About this task
Reproduce the full listing below unchanged, apart from the pictures.

Given material
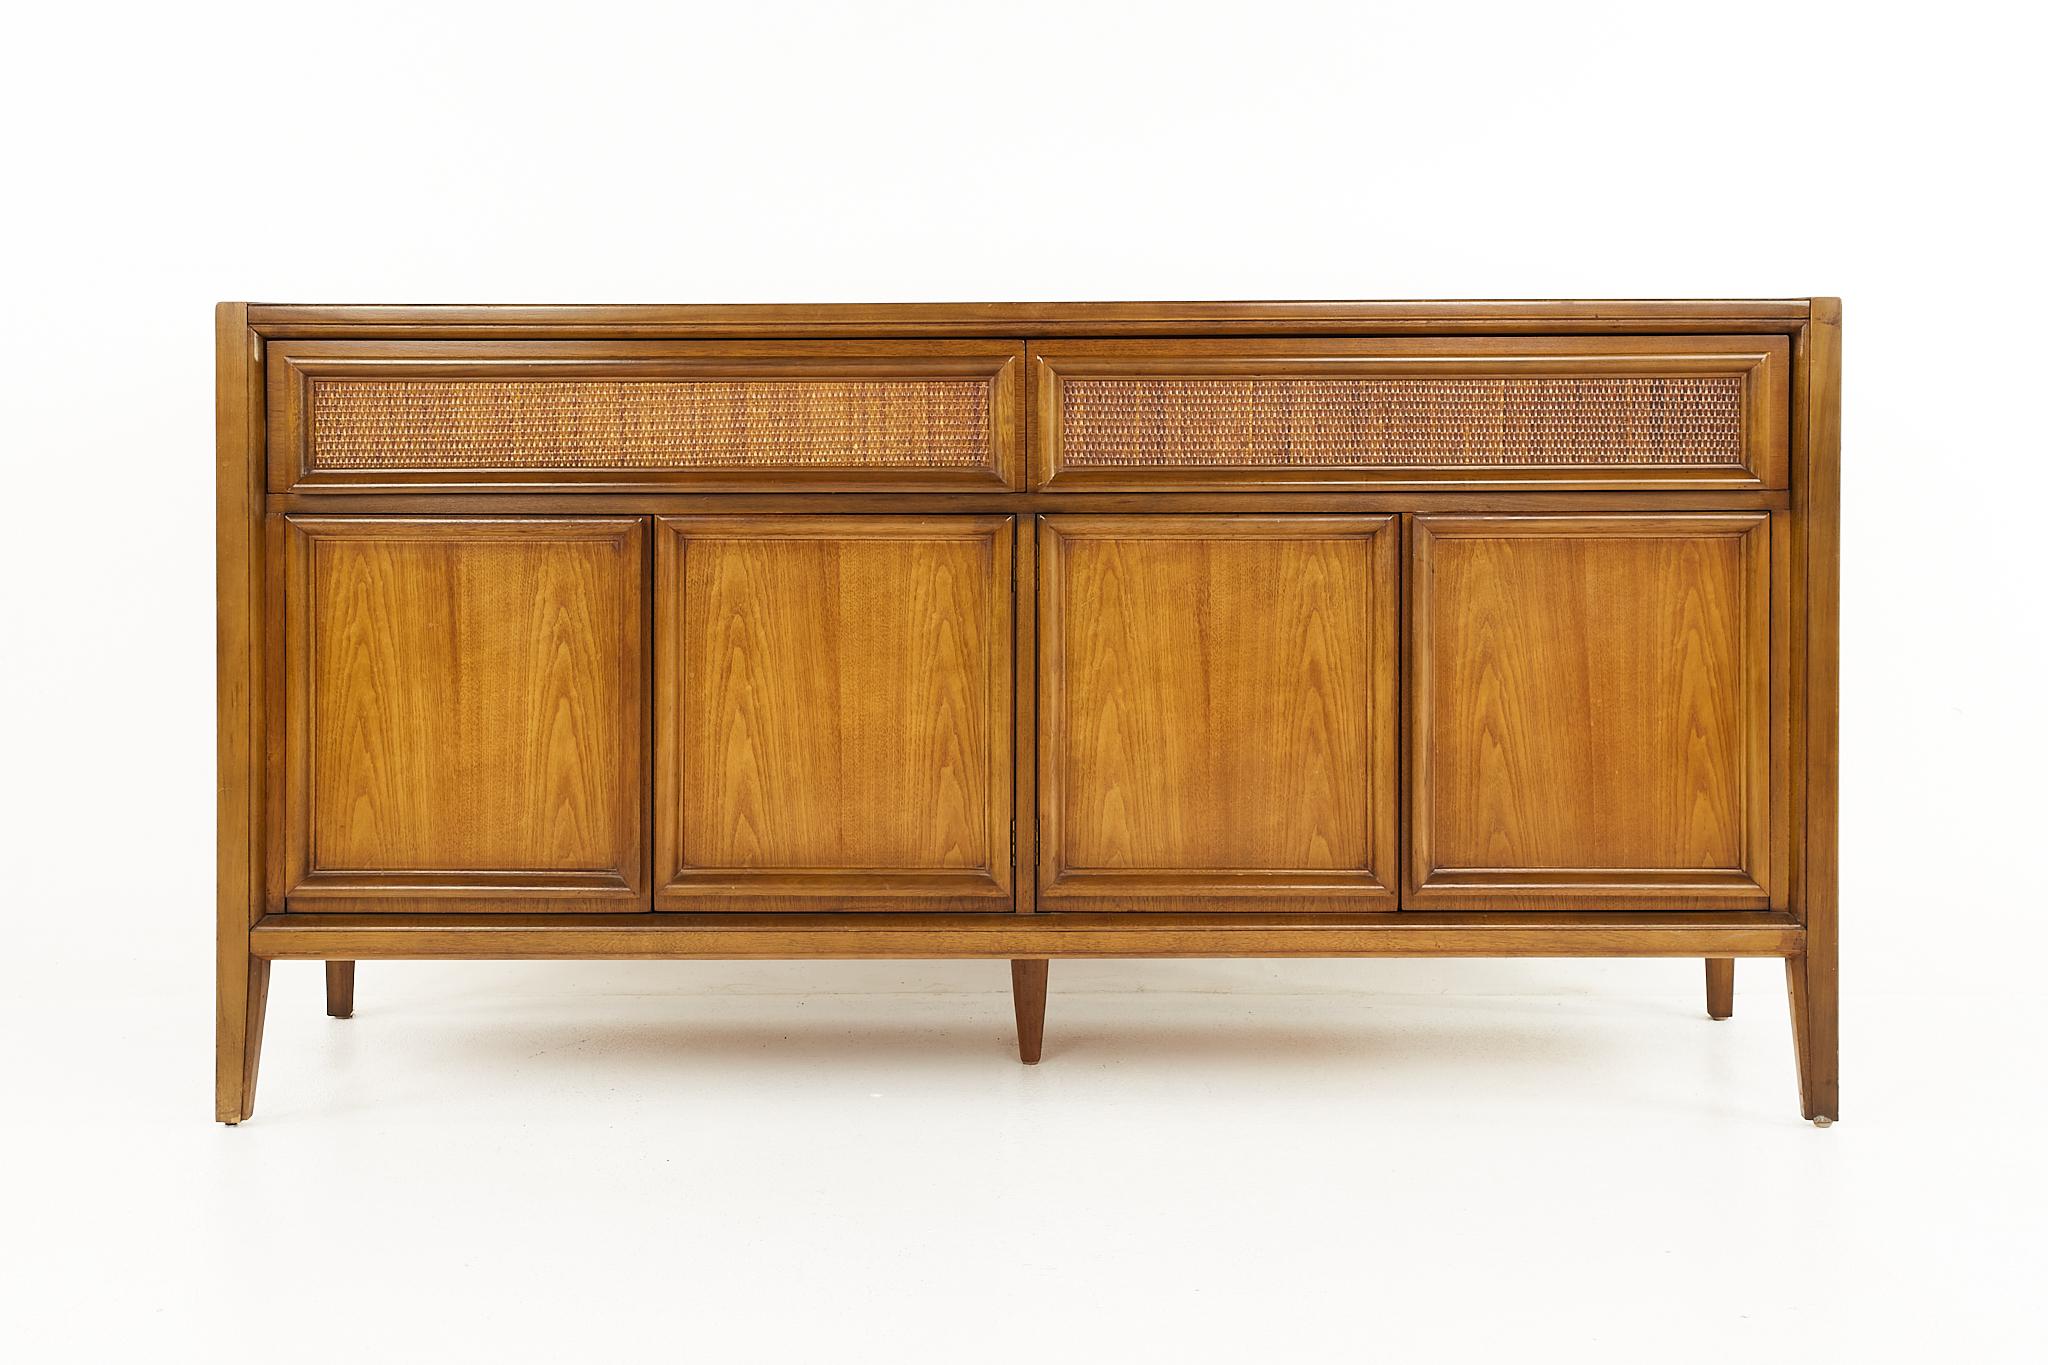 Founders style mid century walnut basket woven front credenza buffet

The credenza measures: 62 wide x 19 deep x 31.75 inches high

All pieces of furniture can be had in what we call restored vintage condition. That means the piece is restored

Exercise response
 Founders style mid century walnut basket woven front credenza buffet

The credenza measures: 62 wide x 19 deep x 31.75 inches high

All pieces of furniture can be had in what we call restored vintage condition. That means the piece is restored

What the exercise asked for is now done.